I'm looking at writing a function that can iterate over these strings to create the following:

"string1, string2" 
"string1, string 3" 
...
"string 1, string 10" 
"string 2, string 3" 
...
"string 2, string 10" 
"string3, string 4" 
... ... 
"string9 string10".

Is this possible in google sheets?

Upvotes: 1

Views: 4356

Answers (7)

player0
player0

Reputation: 1

=ARRAYFORMULA(SPLIT(SORT(
 TRANSPOSE(SPLIT(CONCATENATE(REPT(UNIQUE(TRANSPOSE(SPLIT(JOIN(",",TEXTJOIN(",",1,A2:A)),",")))&","&
 TRANSPOSE(UNIQUE(TRANSPOSE(SPLIT(JOIN(",",TEXTJOIN(",",1,A2:A)),",")))), (
 UNIQUE(TRANSPOSE(SPLIT(JOIN(",",TEXTJOIN(",",1,A2:A)),",")))<=
 TRANSPOSE(UNIQUE(TRANSPOSE(SPLIT(JOIN(",",TEXTJOIN(",",1,A2:A)),",")))))*
 REGEXMATCH(CONCATENATE(","&SUBSTITUTE(TEXTJOIN(",",1,A2:A),",",",,")&","&CHAR(9)),"(,"&
 UNIQUE(TRANSPOSE(SPLIT(JOIN(",",TEXTJOIN(",",1,A2:A)),",")))&",[^\t]*,"&
 TRANSPOSE(UNIQUE(TRANSPOSE(SPLIT(JOIN(",",TEXTJOIN(",",1,A2:A)),","))))&",)|(,"&
 TRANSPOSE(UNIQUE(TRANSPOSE(SPLIT(JOIN(",",TEXTJOIN(",",1,A2:A)),","))))&",[^\t]*,"&
 UNIQUE(TRANSPOSE(SPLIT(JOIN(",",TEXTJOIN(",",1,A2:A)),",")))&",)"))&CHAR(9)),CHAR(9)))),","))

0

for more see: https://stackoverflow.com/a/68775825/5632629

Upvotes: 2

player0
player0

Reputation: 1

=QUERY(ARRAYFORMULA(SPLIT(
 TRANSPOSE(SPLIT(REPT(CONCATENATE(A2:A&CHAR(9)), COUNTA(A2:A)),  CHAR(9)))& " "&
 TRANSPOSE(SPLIT(CONCATENATE(REPT(A2:A&CHAR(9),  COUNTA(A2:A))), CHAR(9))), " ")),
 "where Col1<>Col2 order by Col1", 0)

for more see: https://stackoverflow.com/a/68775825/5632629

Upvotes: 1

stwheel1
stwheel1

Reputation: 1

With the items to combine in named range "items":

=let(x,tocol(let(i,filter(items,items<>""),t,transpose(filter(items,items<>"")),arrayformula(if(match(i,items,0)>=match(t,items,0),,i&t)))),filter(x,x<>""))

Upvotes: 0

doubleunary
doubleunary

Reputation: 18698

The question seems to describe a special case of a Cartesian product of two sets where the sets are identical while removing results that have the same value in both tuple values.

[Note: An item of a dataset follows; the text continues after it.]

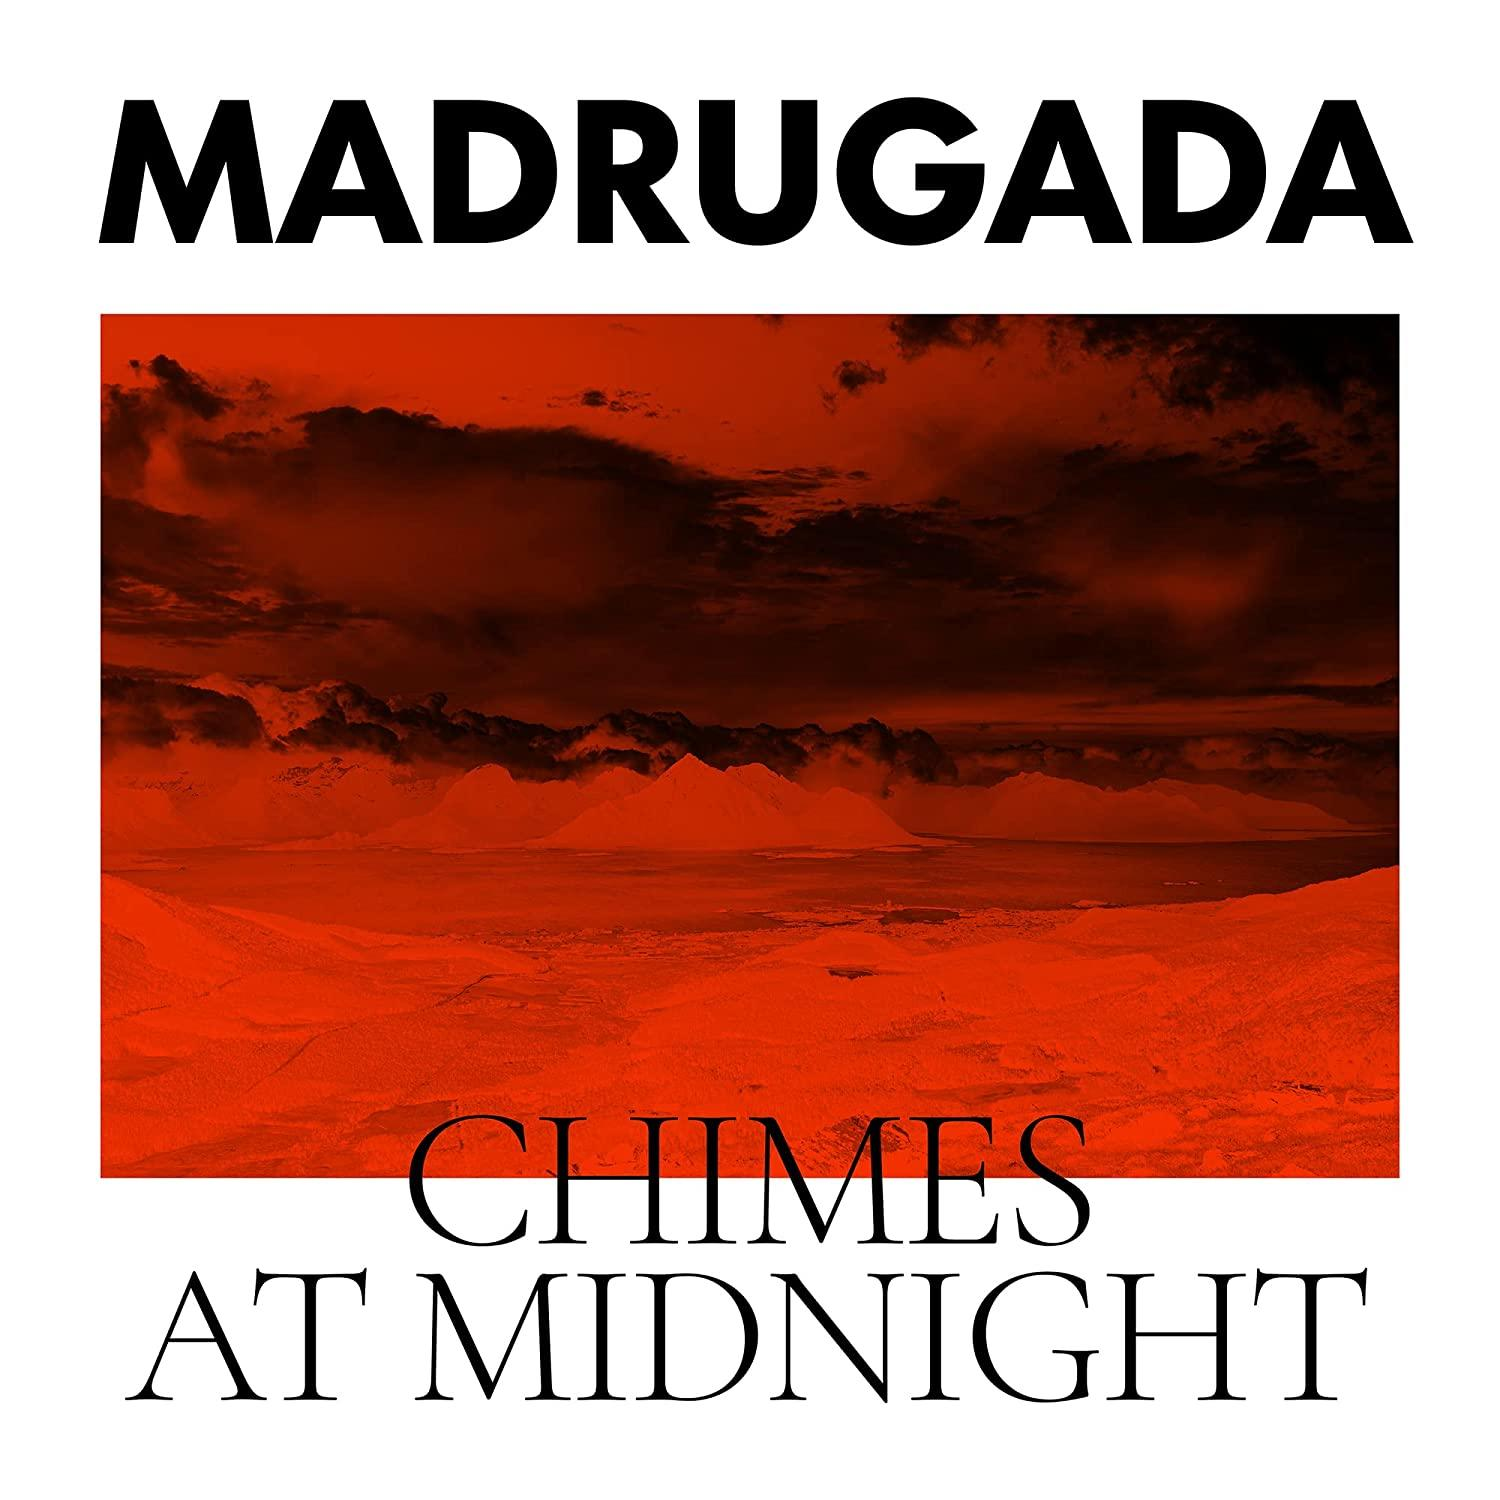 - Madrugada Chimes (Vinyl) Midnight - At

How about a humble three-step solution:

all combos:

=arrayformula( split( 
  tocol(A2:A5 & "→" & transpose(A2:A5)), 
  "→" 
) )

filter out rows where the two strings are the same:

=filter(B2:C, B2:B <> C2:C)

join with comma:

=arrayformula( 
  if( 
    len(D2:D), 
    D2:D & ", " & E2:E, 
    iferror(ø) 
  ) 
)
source data all combos filter join Cartesian solution
string1 string1 string1 string1 string2 string1, string2 string1, string2
string2 string1 string2 string1 string3 string1, string3 string1, string3
string3 string1 string3 string1 string4 string1, string4 string1, string4
string4 string1 string4 string2 string1 string2, string1 string2, string1
string2 string1 string2 string3 string2, string3 string2, string3
string2 string2 string2 string4 string2, string4 string2, string4
string2 string3 string3 string1 string3, string1 string3, string1
string2 string4 string3 string2 string3, string2 string3, string2
string3 string1 string3 string4 string3, string4 string3, string4
string3 string2 string4 string1 string4, string1 string4, string1
string3 string3 string4 string2 string4, string2 string4, string2
string3 string4 string4 string3 string4, string3 string4, string3
string4 string1
string4 string2
string4 string3
string4 string4

The same can be done in one step with a recursive Cartesian that has an if() in the inner reduce():

Cartesian solution:

=let( 
  data, A2:A, 
  column, unique(filter(data, len(data))), 
  table, { column, column }, 
  blank, iferror(1/0), 
  first_, lambda(array, tocol(choosecols(array, 1), true)), 
  rest_, lambda(n, choosecols(table, sequence(1, columns(table) - n, n + 1))), 
  wrap_, lambda(array, wrapCount, wraprows(tocol(array, true), wrapCount)), 

  cartesian_, lambda(a, b, wrap_( 
    byrow(a, lambda(row, 
      reduce(blank, sequence(rows(b)), lambda(acc, i, 
        if( 
          row = chooserows(b, i), 
          acc, 
          { acc, row, chooserows(b, i) } 
        ) 
      ) ) 
    ) ), 
    columns(a) + columns(b) 
  ) ), 

  iterate_, lambda( 
    self, a, b, if(iserror(b), a, 
      self(self, cartesian_(a, first_(b)), rest_(columns(a) + 1)) 
    ) 
  ), 

  result, iterate_(iterate_, first_(table), rest_(1)), 
  byrow(result, lambda(row, join(", ", row))) 
)

Upvotes: 0

TheMaster
TheMaster

Reputation: 50382

Given the advantage of newer functions like REDUCE, it is possible to loop. This is basically a implementation of two loops mentioned here. The second one - one minus the first one.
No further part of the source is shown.